*PROBLEM DETAILS:* The answer should be every line below, repeated exactly, with the images left out.

───── DATASET SECTION

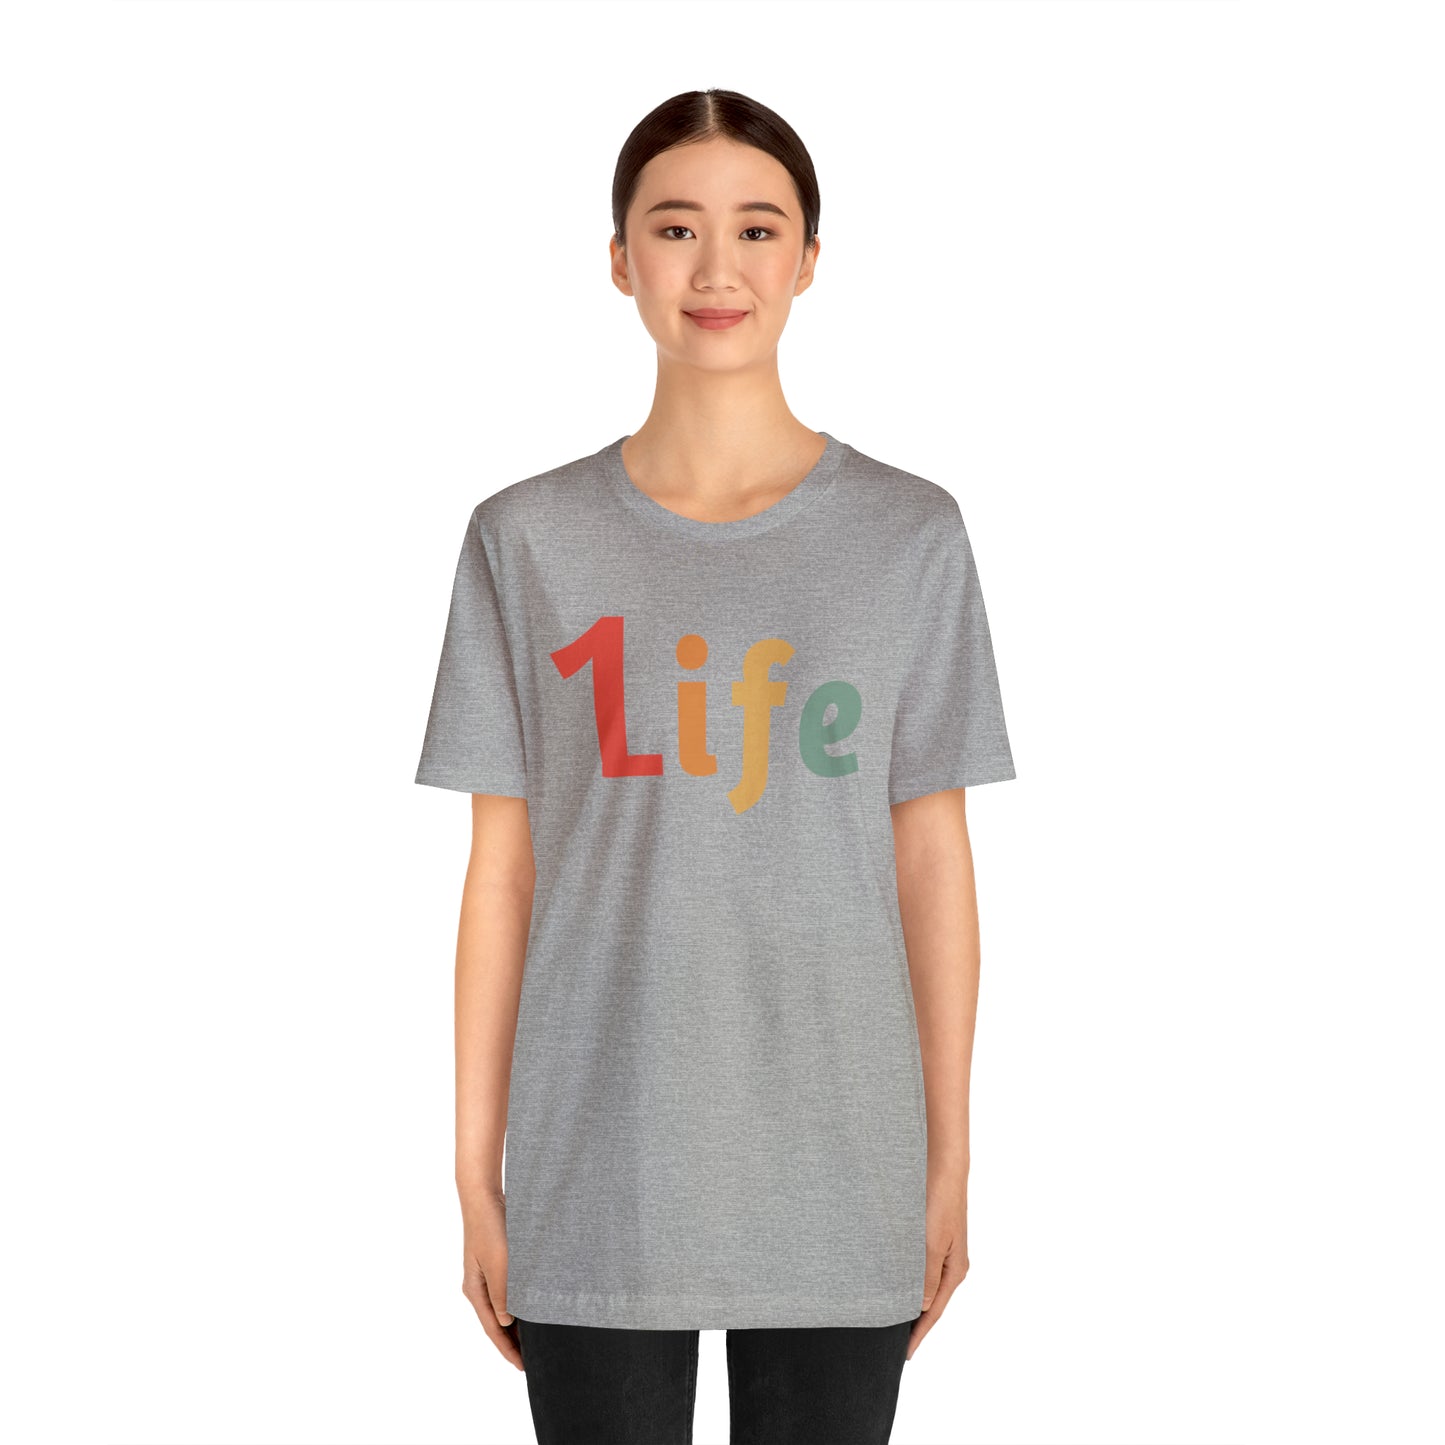 Retro One life Shirt 1life shirt Live Your Life You Only Have One Life To Live Retro Shirt
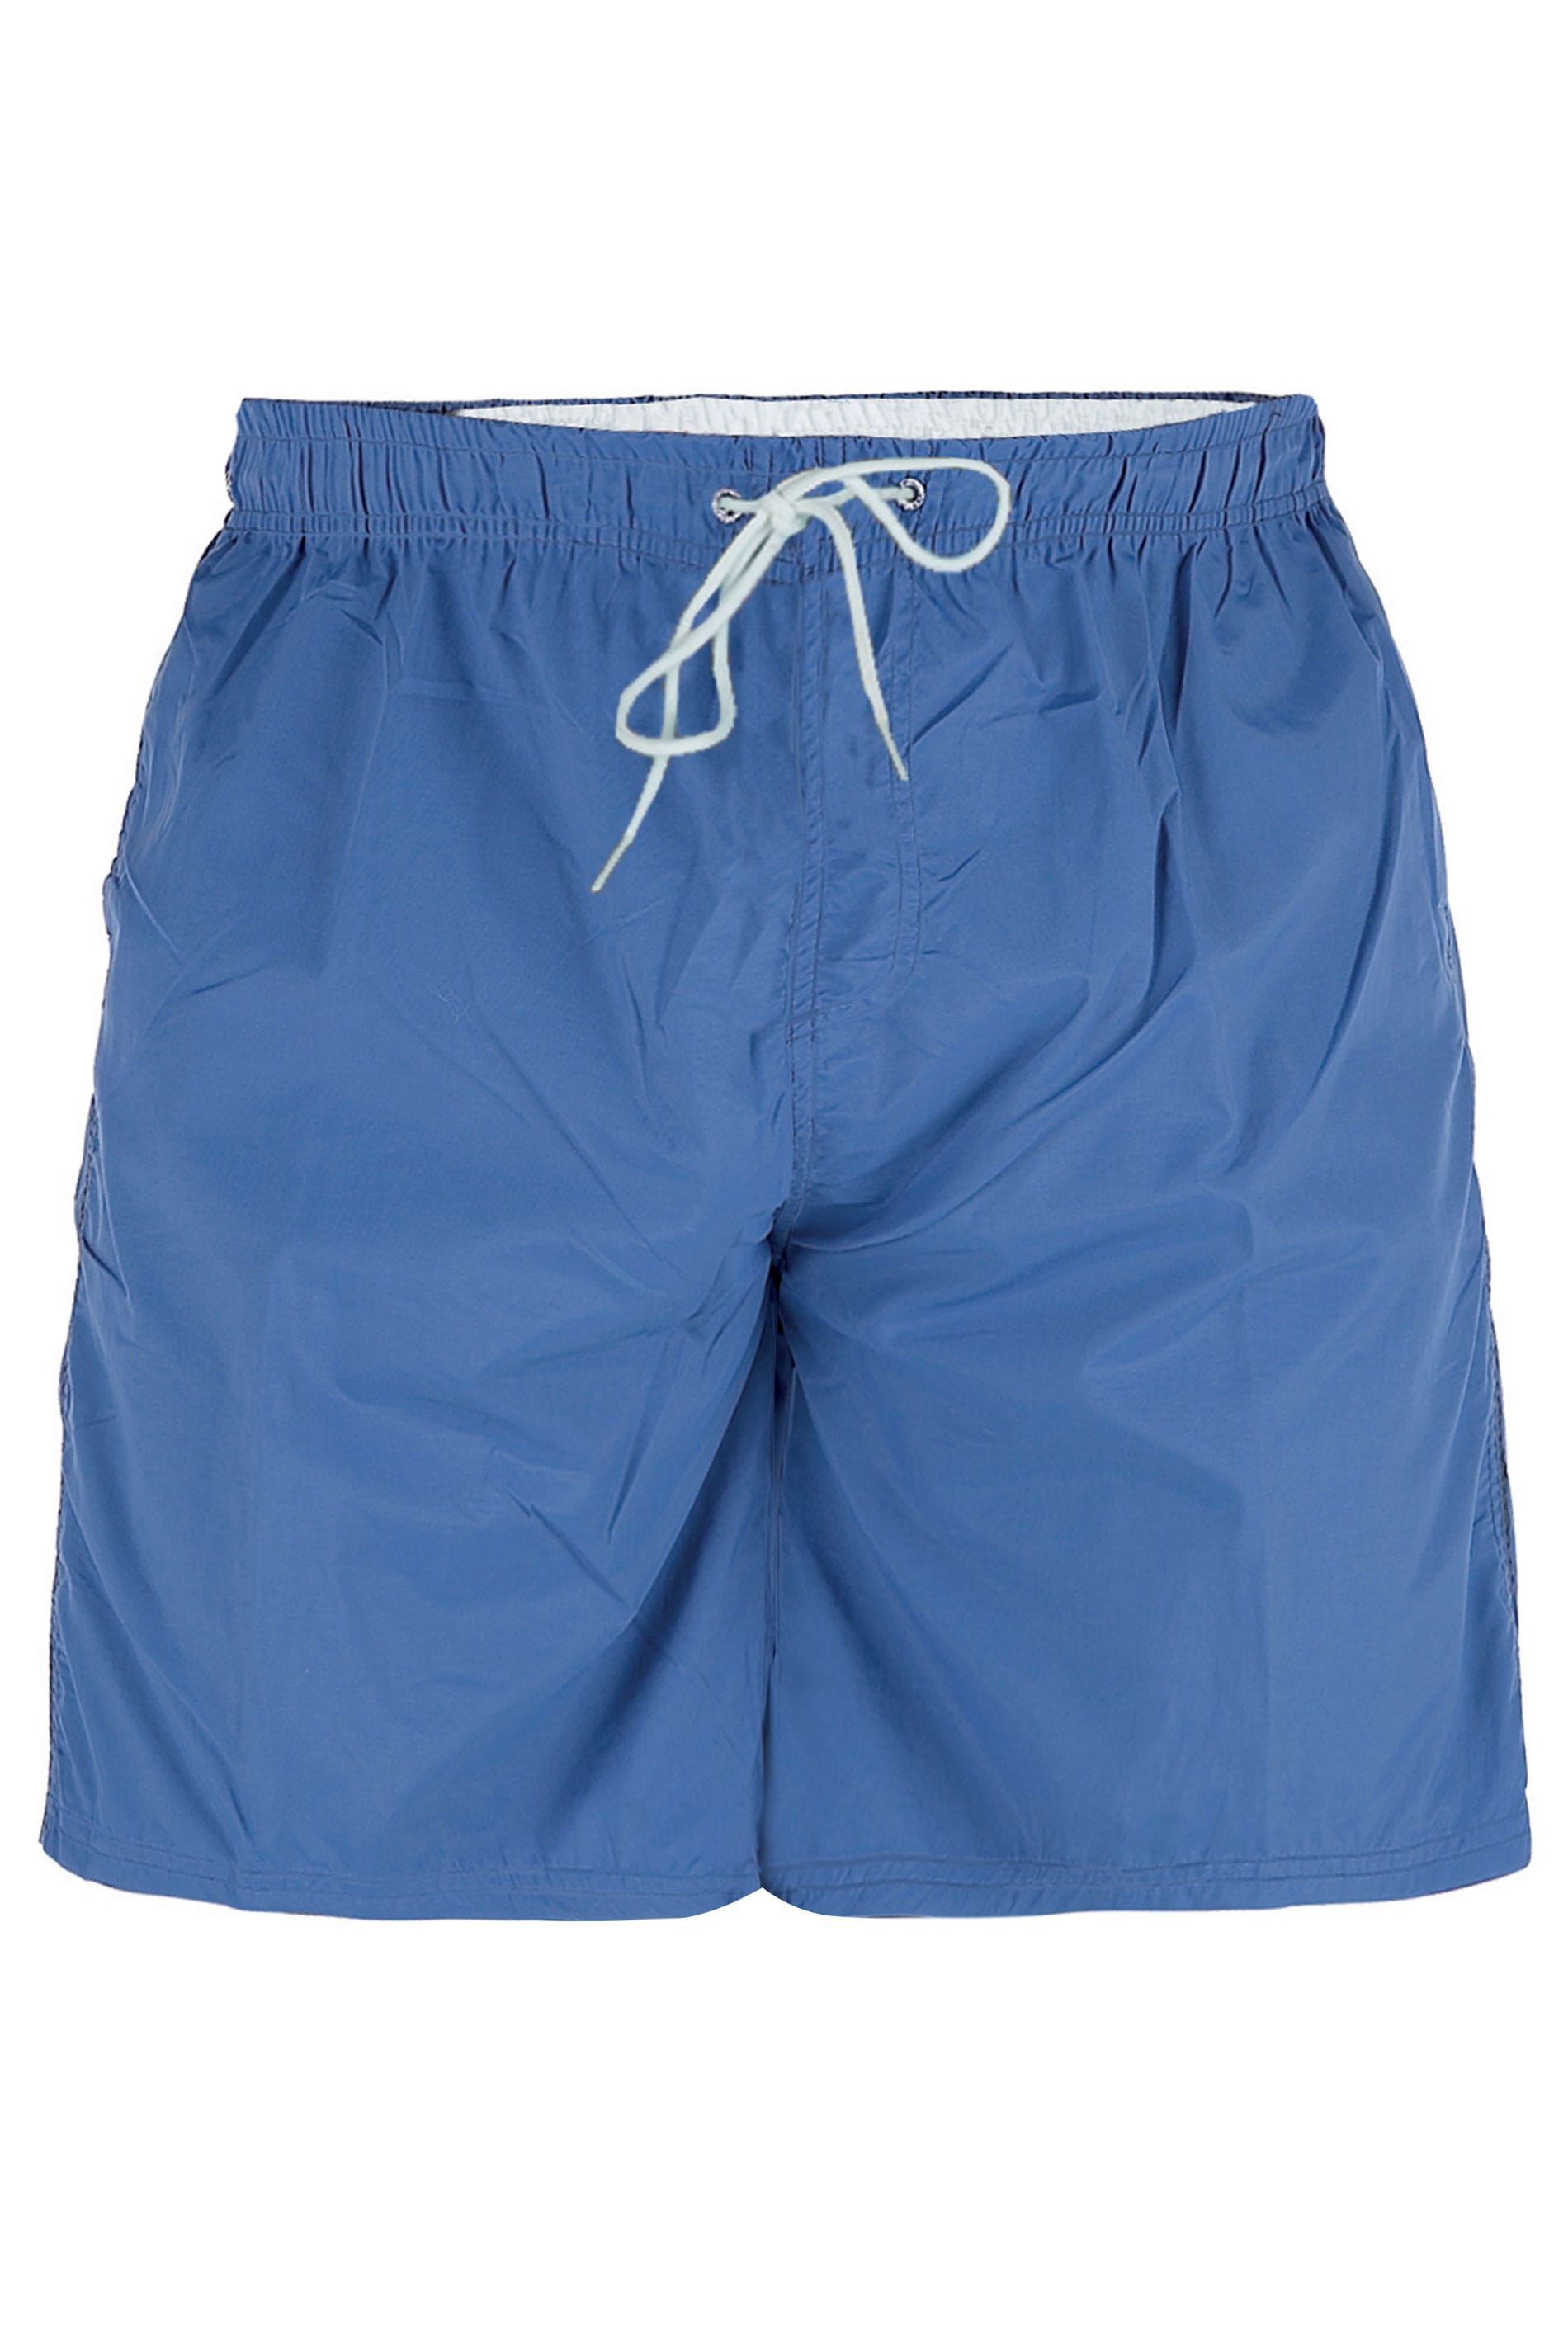 D555 Royal Blue Swim Shorts | BadRhino
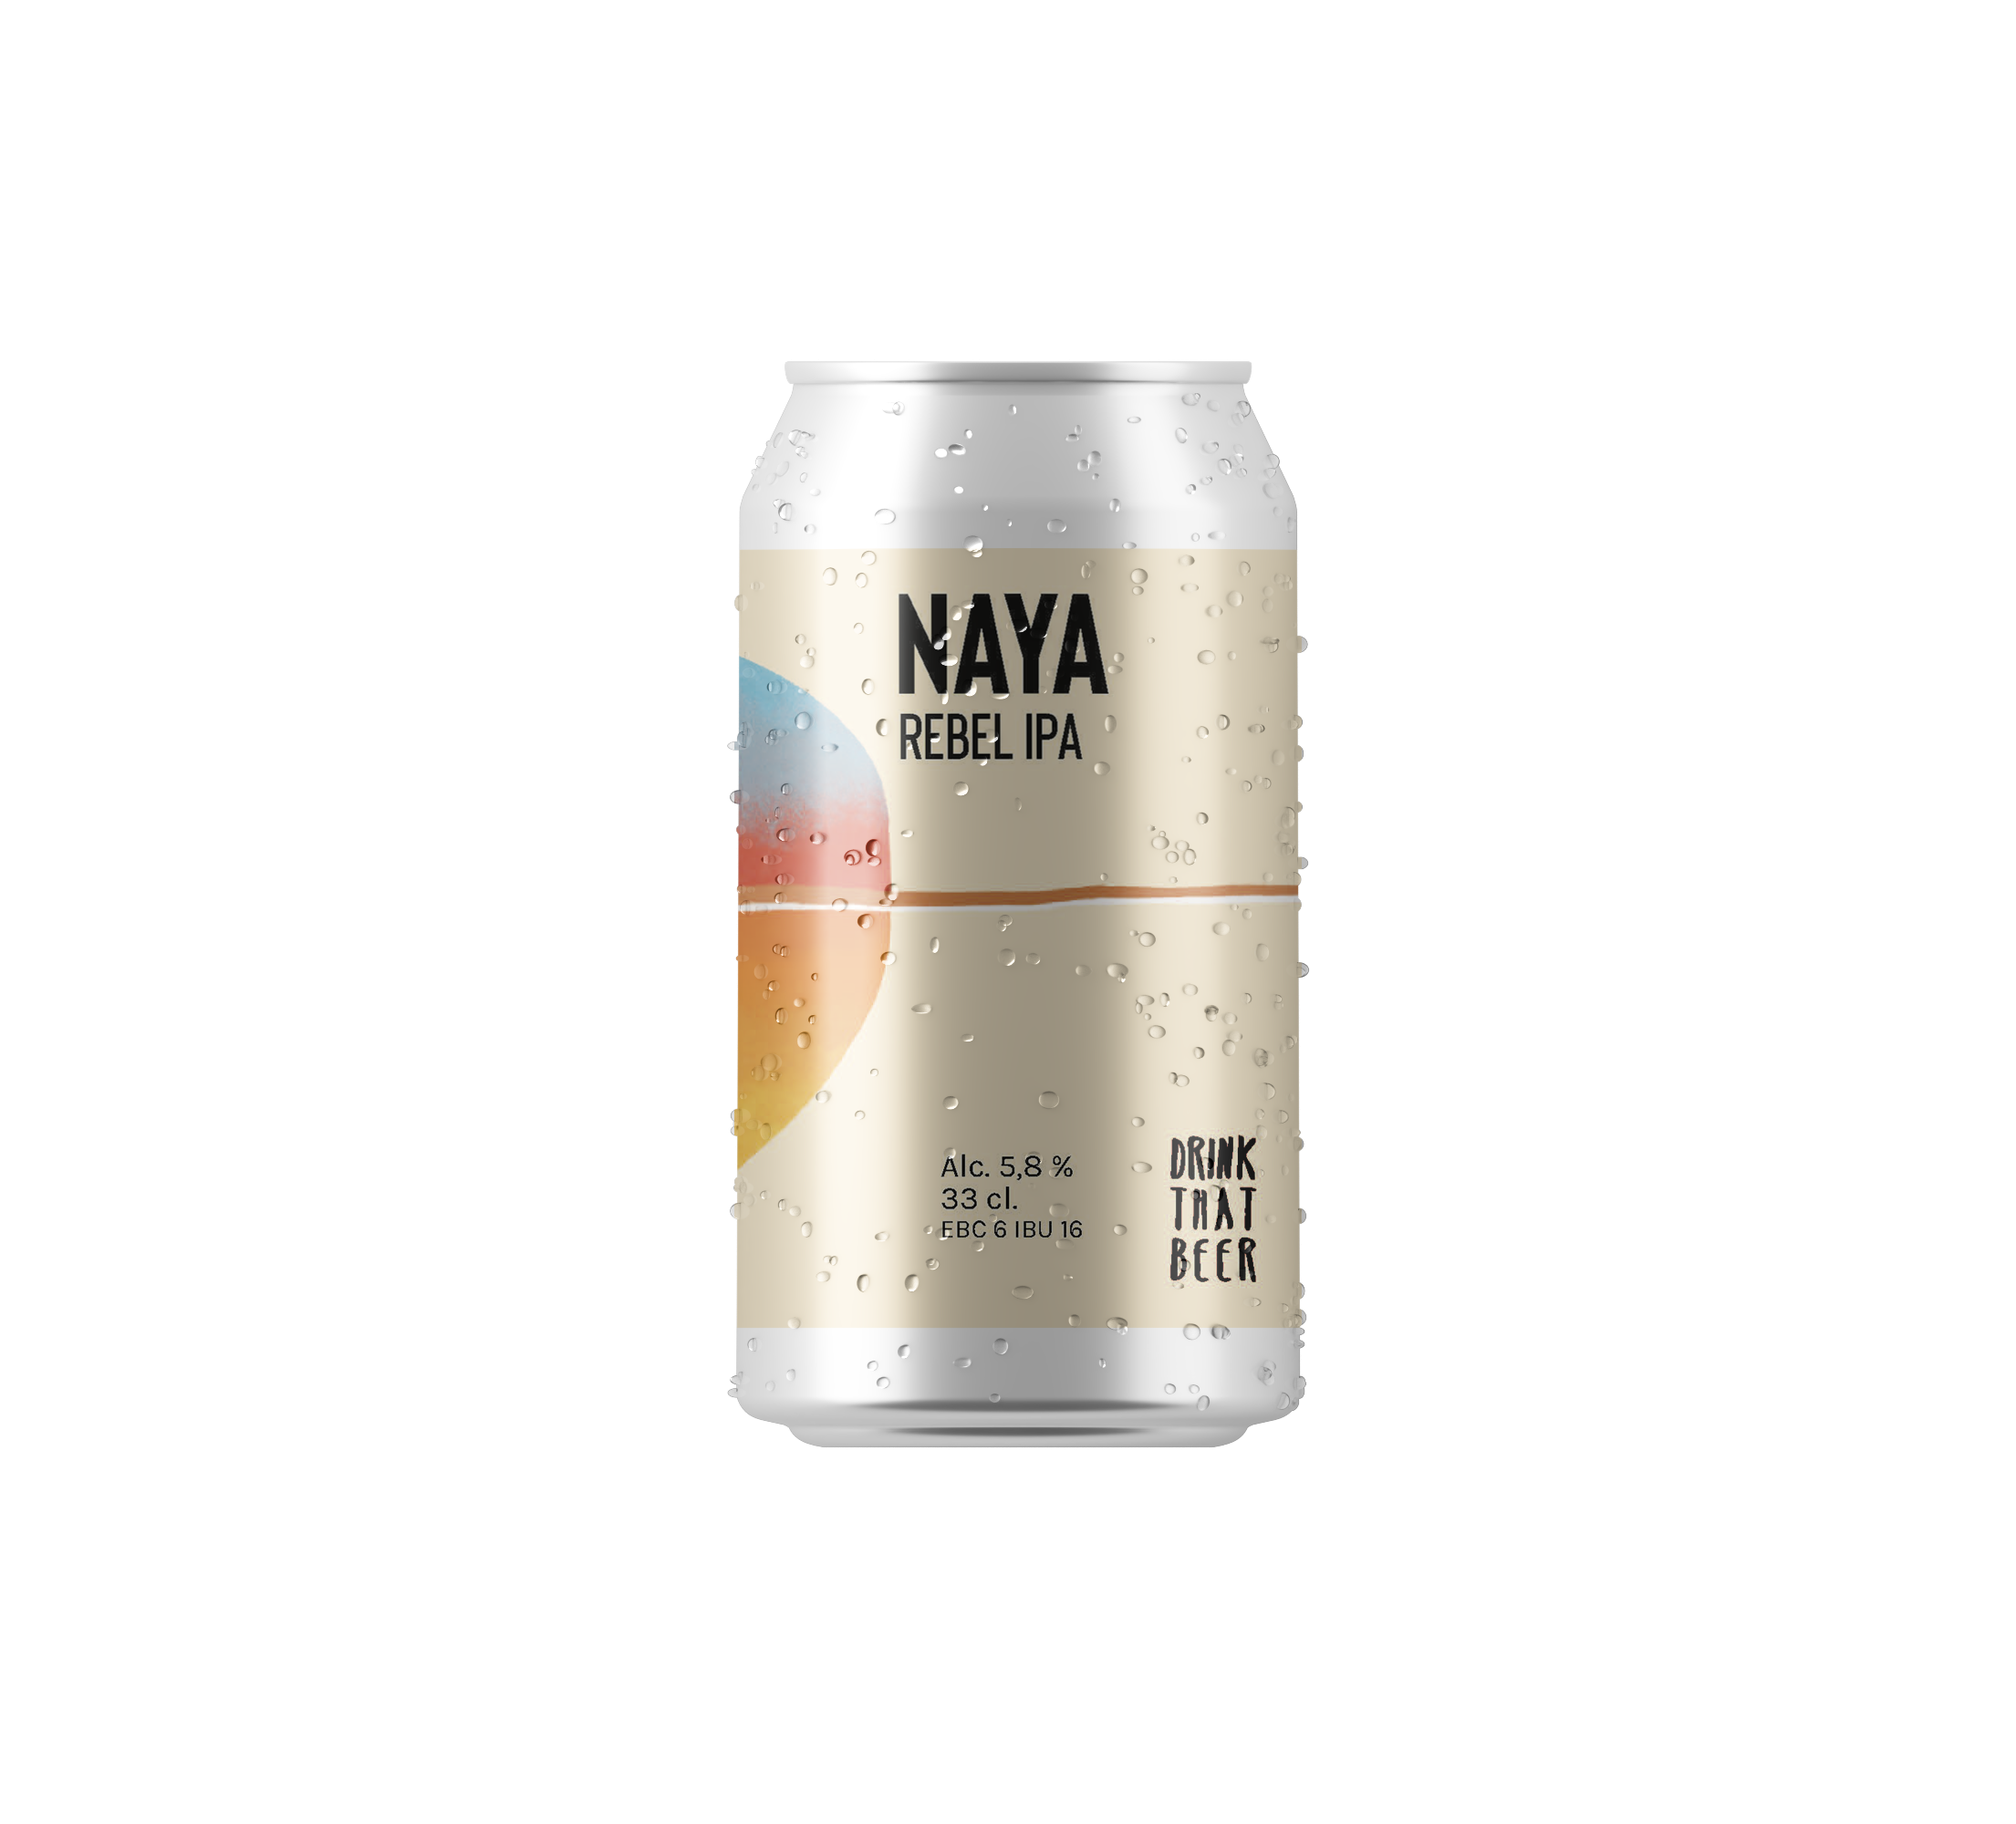 La Naya sort des codes, amère mais sans plus, trouble mais pas trop. Ses arômes vous feront voyager dans le sud: citrus, pin et une pointe subtile de pêch

──────────

*EXPECTED OUTPUT:*
 Retro One life Shirt 1life shirt Live Your Life You Only Have One Life To Live Retro Shirt
 D555 Royal Blue Swim Shorts | BadRhino
 La Naya sort des codes, amère mais sans plus, trouble mais pas trop. Ses arômes vous feront voyager dans le sud: citrus, pin et une pointe subtile de pêch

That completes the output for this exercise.